Diving into JTAG protocol. Part 2 — Debugging.
Diving into JTAG protocol. Part 3 — Boundary Scan.
Diving into JTAG protocol. Part 4 — BSDL
The main examples of JTAG usage, such as debugging and testing of boards in production, we have considered in the previous parts. And for firmware/embedded developers, only the first example — debugging — is the most useful. As far as I know, we almost never encounter the second option, although it can be very useful too. In this article, I want to look at two examples of JTAG Boundary Scan which I think can be very useful in the everyday work of a firmware/embedded developer: Bring-up and Revers Engineering.
Getting Started
For convenient work, you need special software and a debugger.
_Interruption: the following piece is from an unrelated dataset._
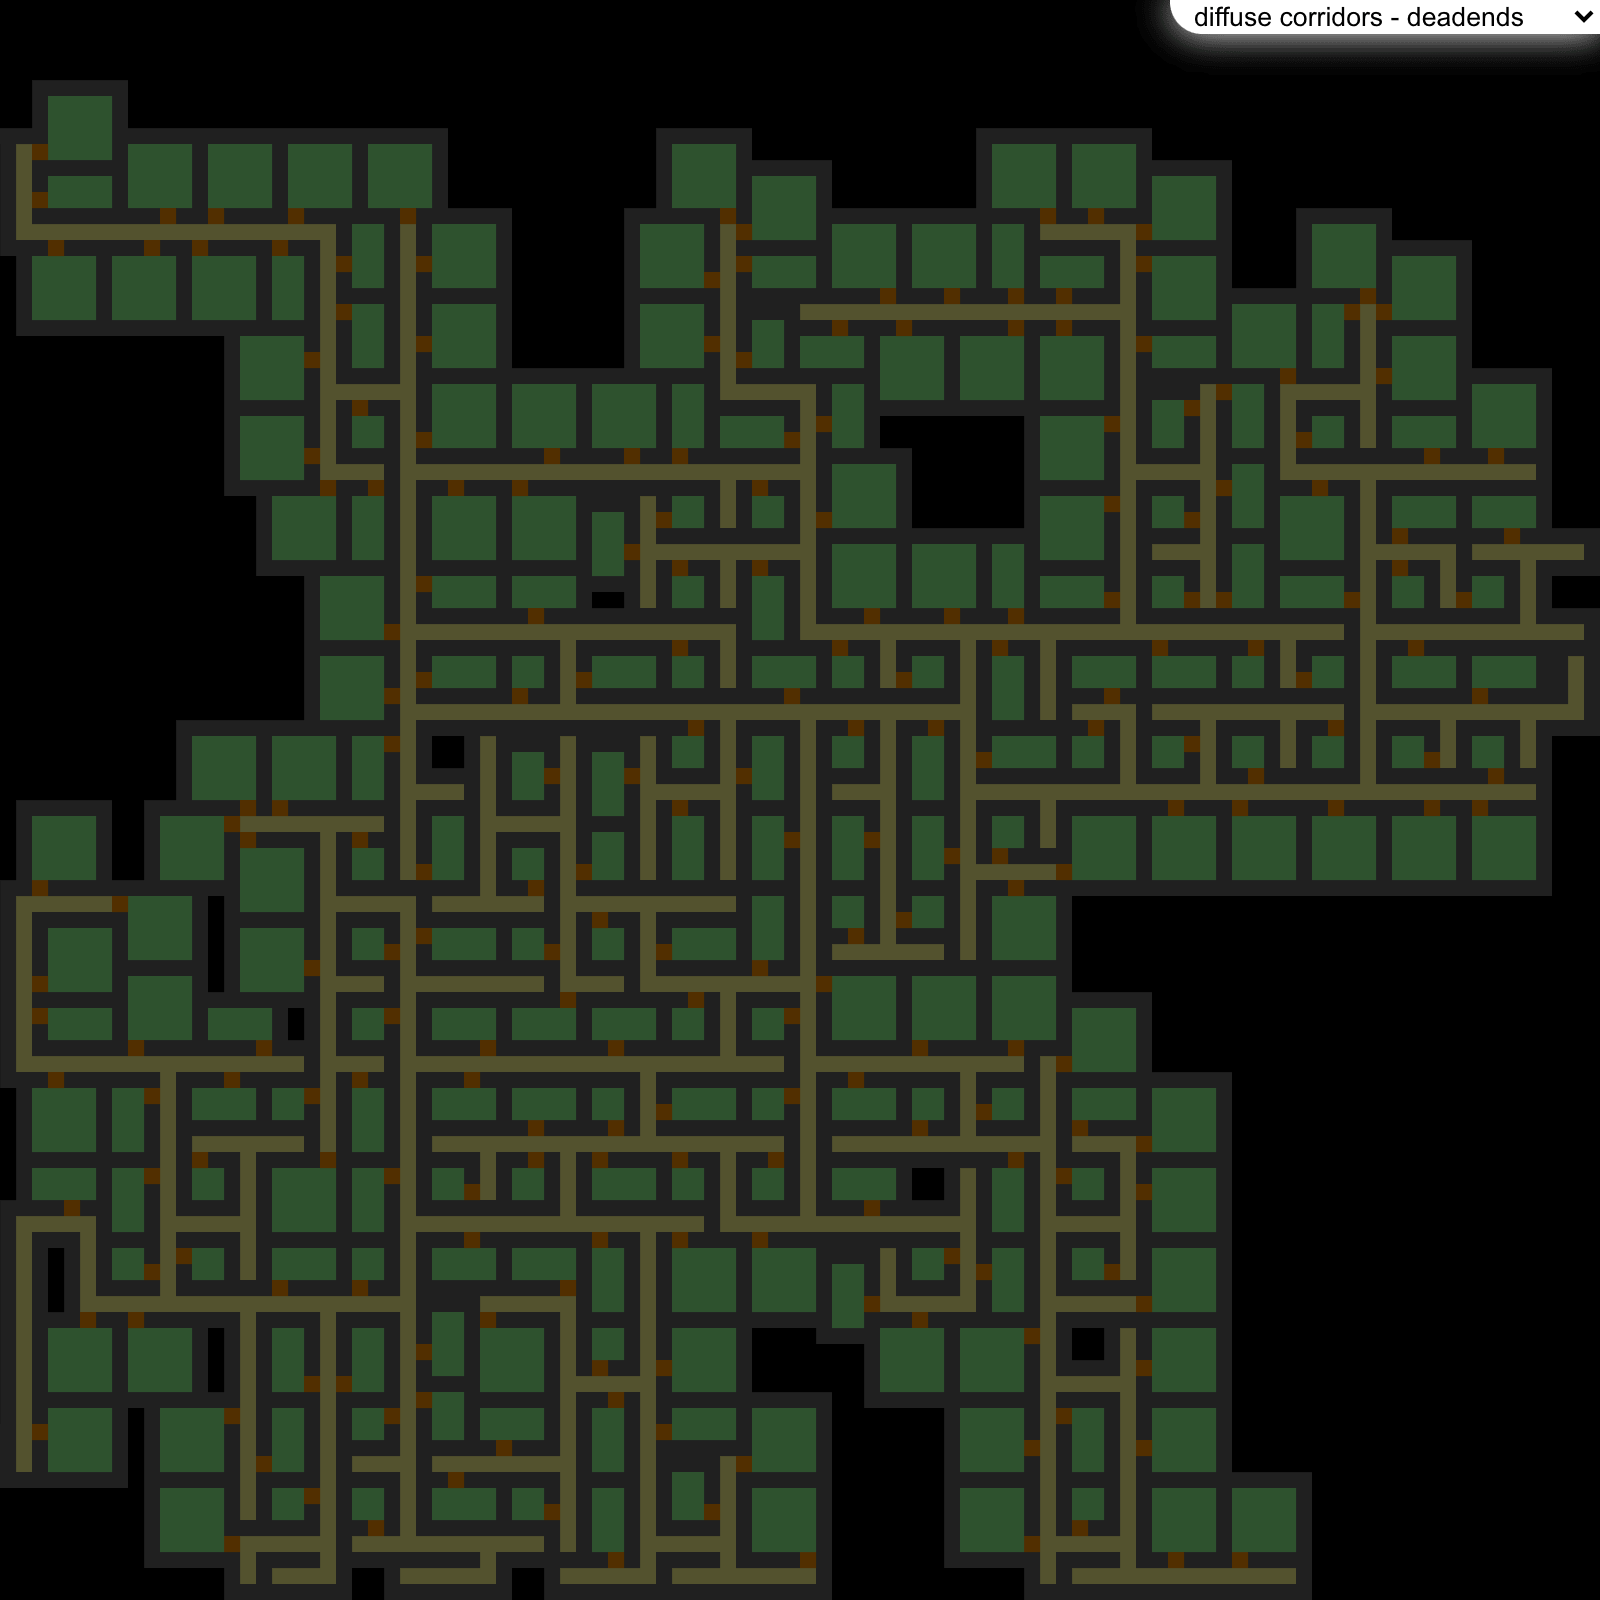 example_diffuse_corridors_deadends.png

In this article, I will consider working with the program TopJTAG Probe, and debugger SEGGER J-Link, but it doesn’t mean that only they are suitable for such tasks, just at the moment of writing this article I have them because I am a long-time fan of J-Link debuggers, and TopJTAG Probe program turned out to be the simplest and the most accessible at a quick googling.
While I think many people are familiar with SEGGER products, TopJTAG Probe requires a small description.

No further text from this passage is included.